**Information supplied:**
========================================================================
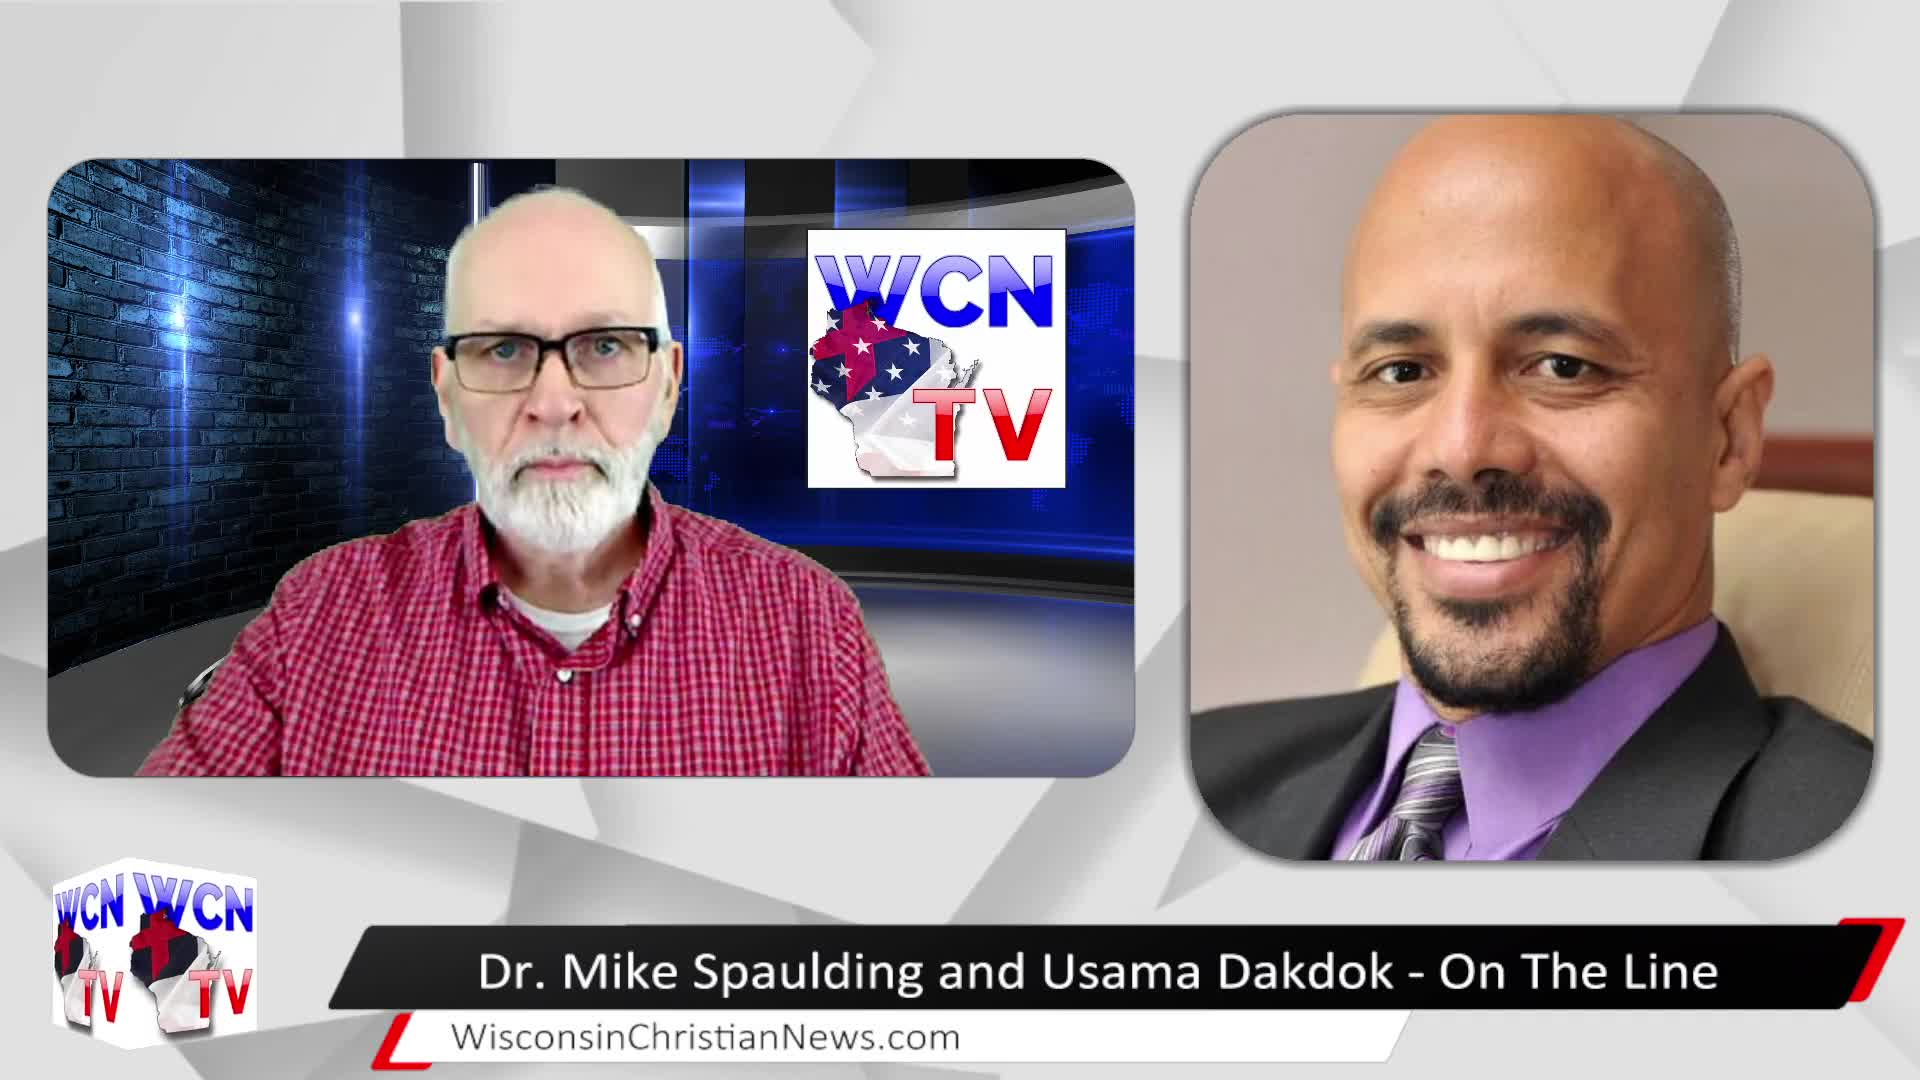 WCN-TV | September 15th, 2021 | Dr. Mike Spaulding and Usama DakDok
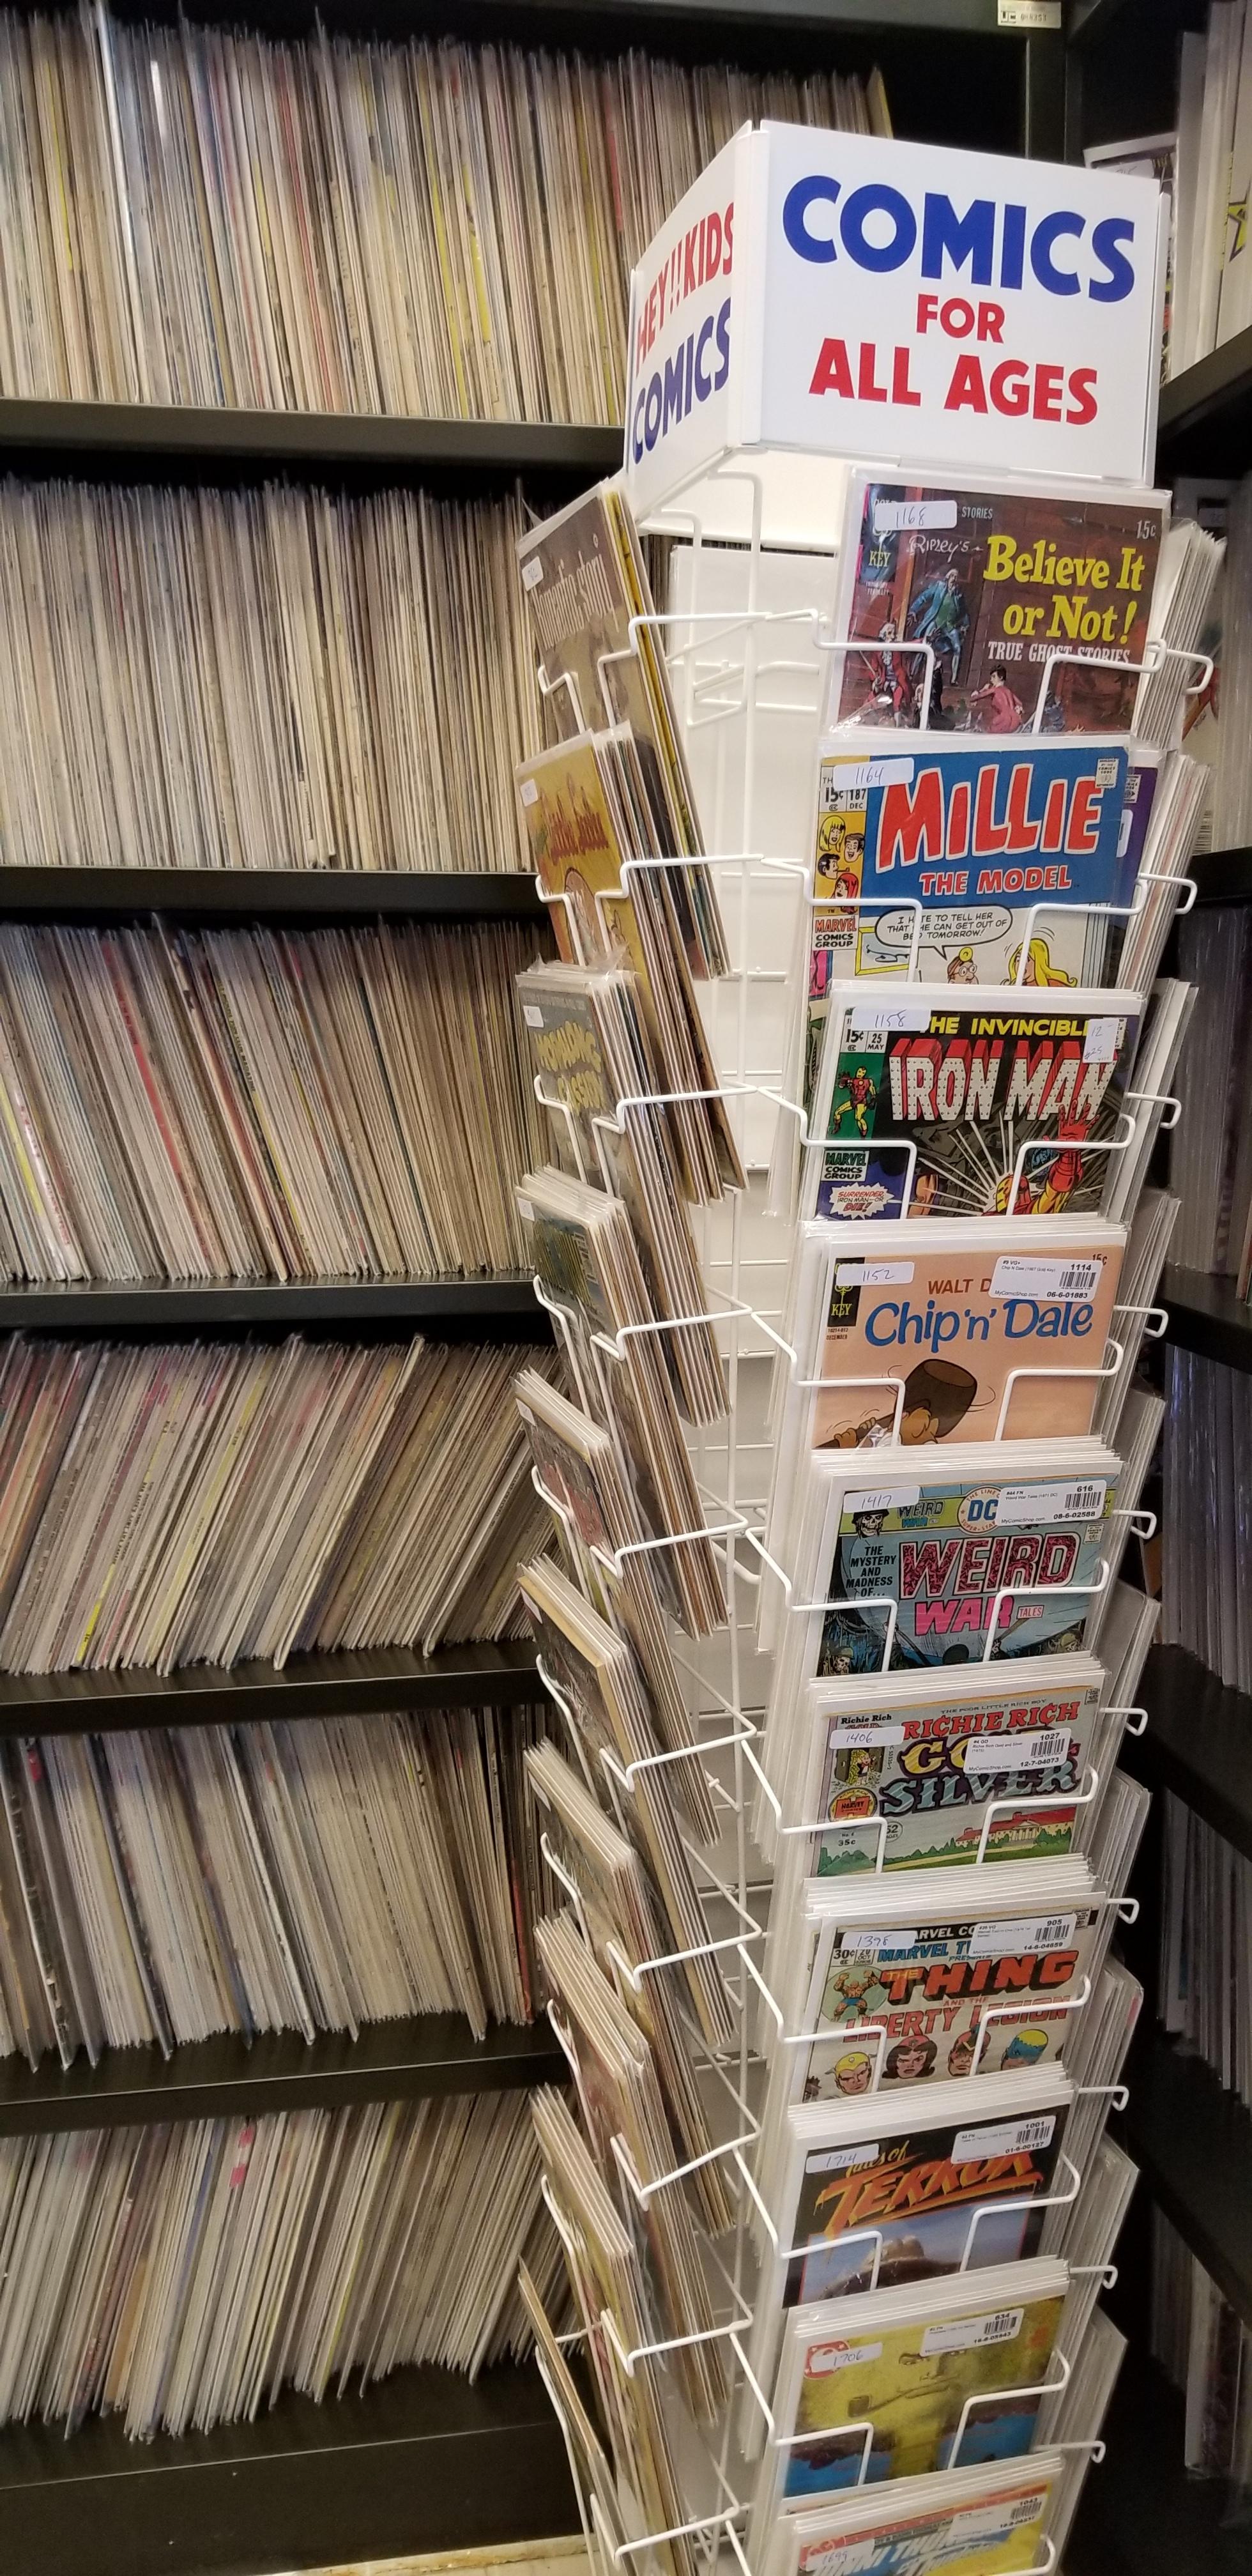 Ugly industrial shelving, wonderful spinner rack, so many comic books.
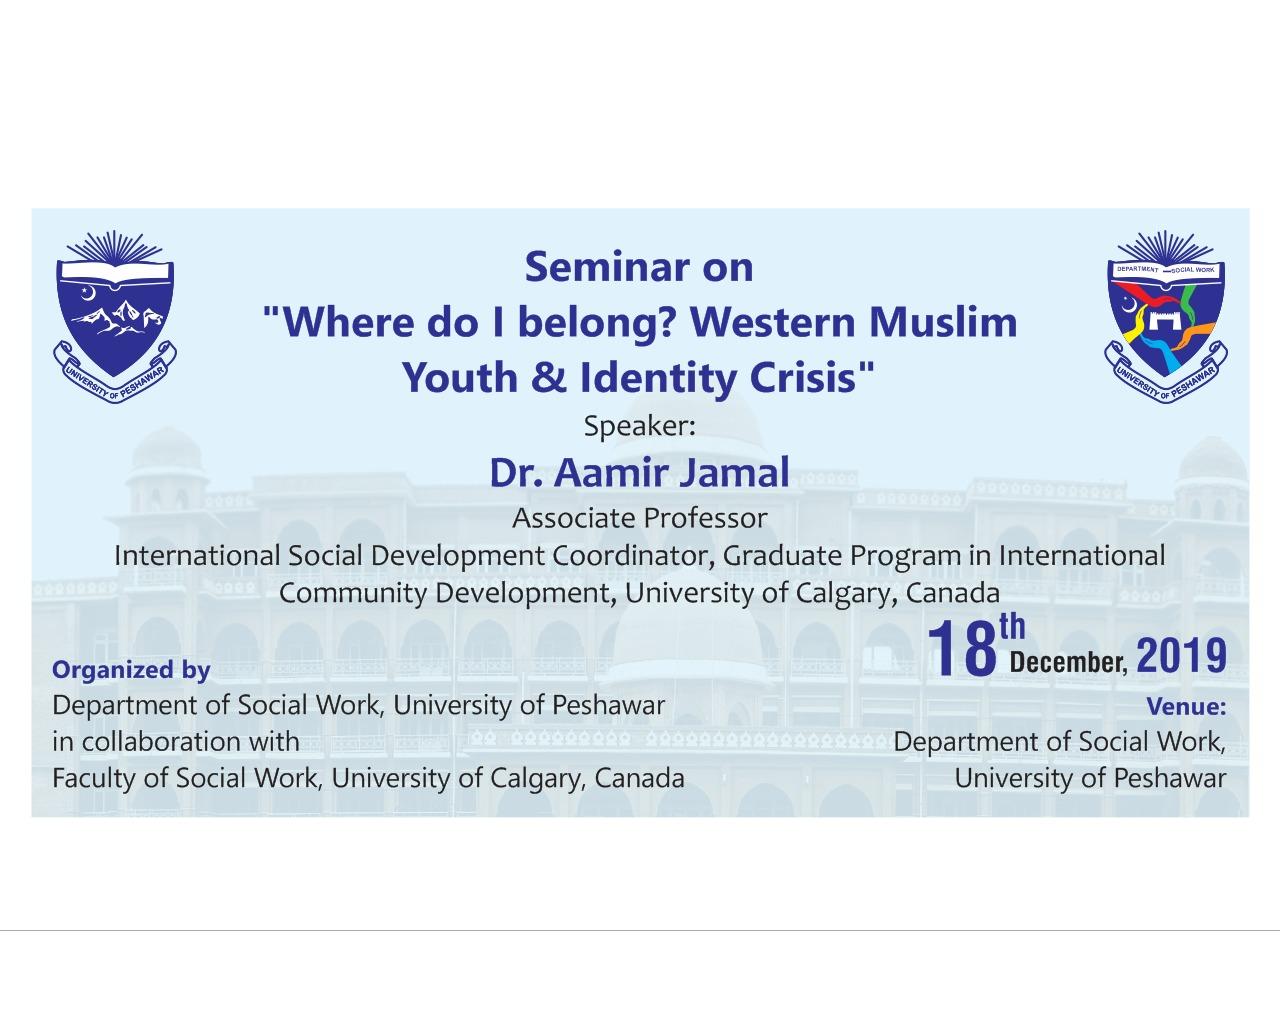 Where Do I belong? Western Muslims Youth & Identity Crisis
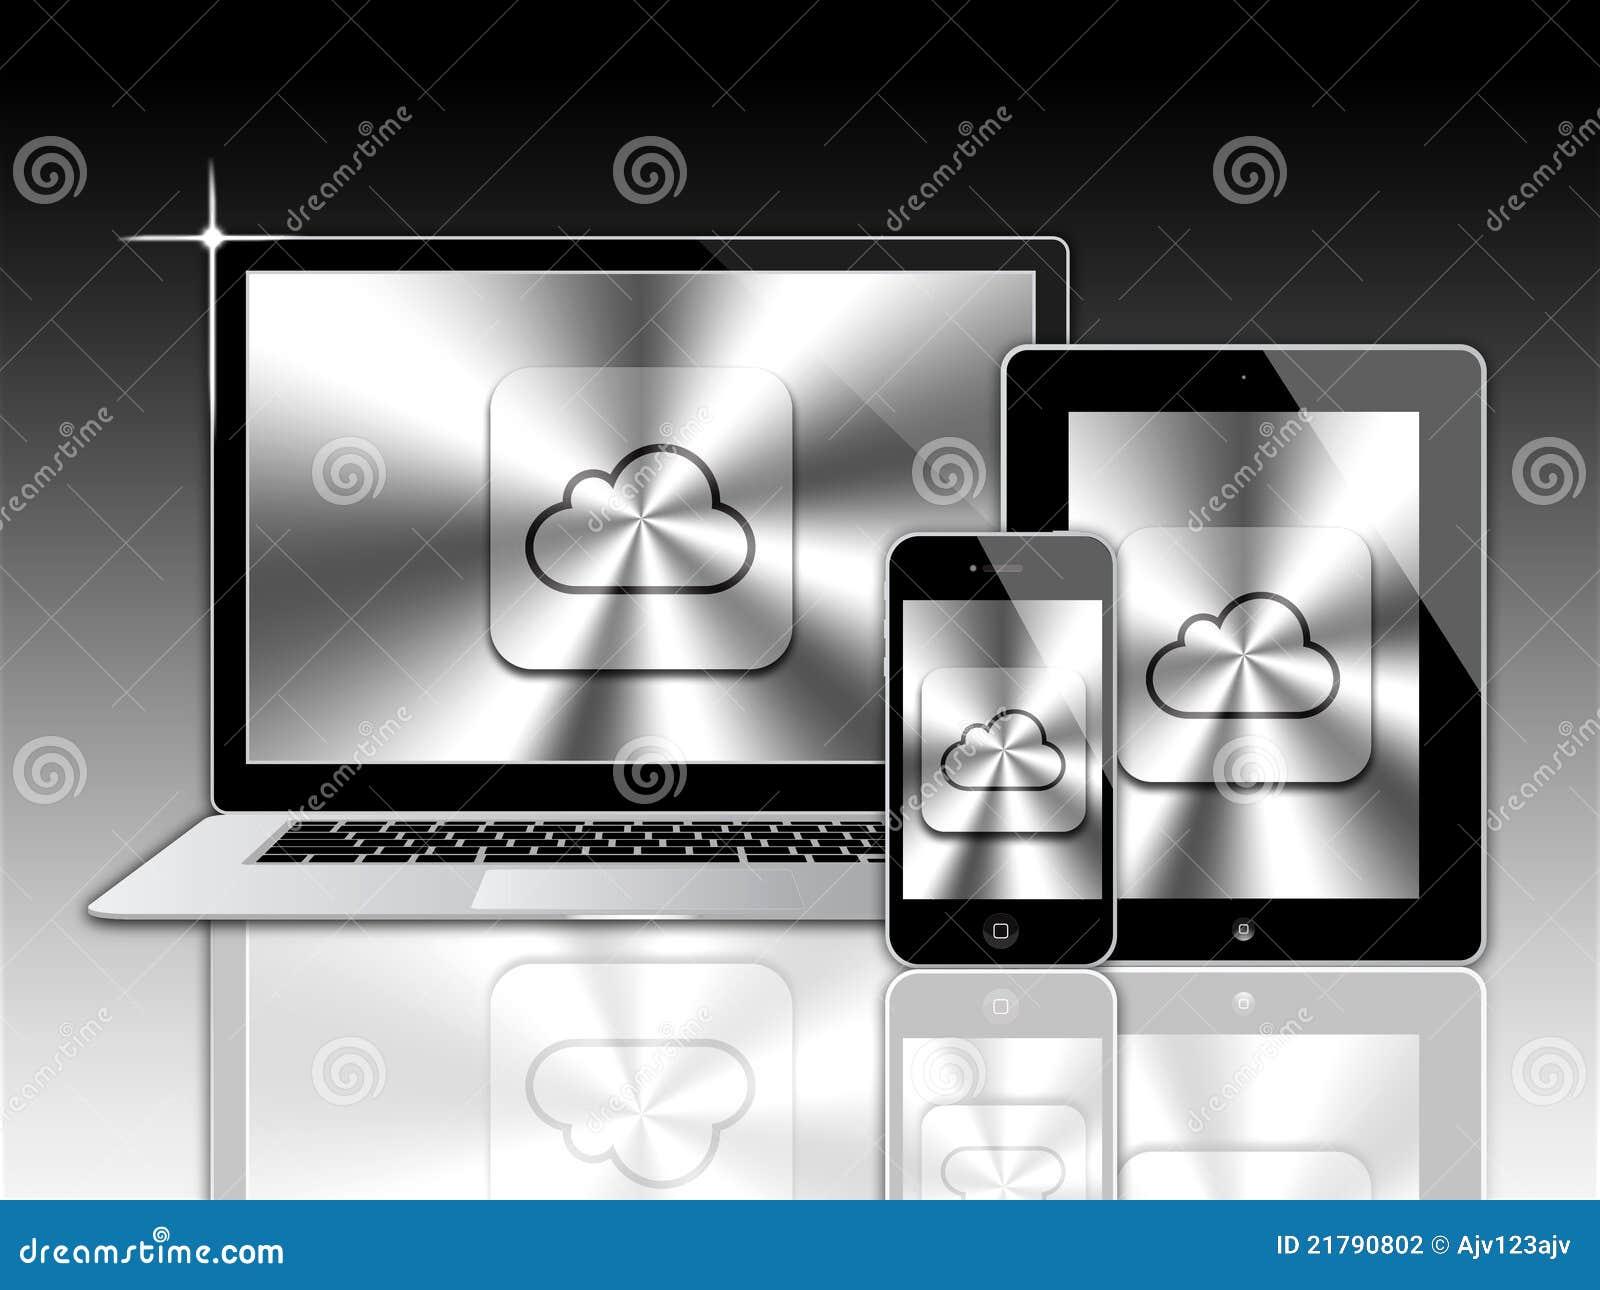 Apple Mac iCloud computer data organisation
========================================================================
**To do:**
Set down all of the material word for word, but keep each picture out.

**Response to this exercise:**
 WCN-TV | September 15th, 2021 | Dr. Mike Spaulding and Usama DakDok
 Ugly industrial shelving, wonderful spinner rack, so many comic books.
 Where Do I belong? Western Muslims Youth & Identity Crisis
 Apple Mac iCloud computer data organisation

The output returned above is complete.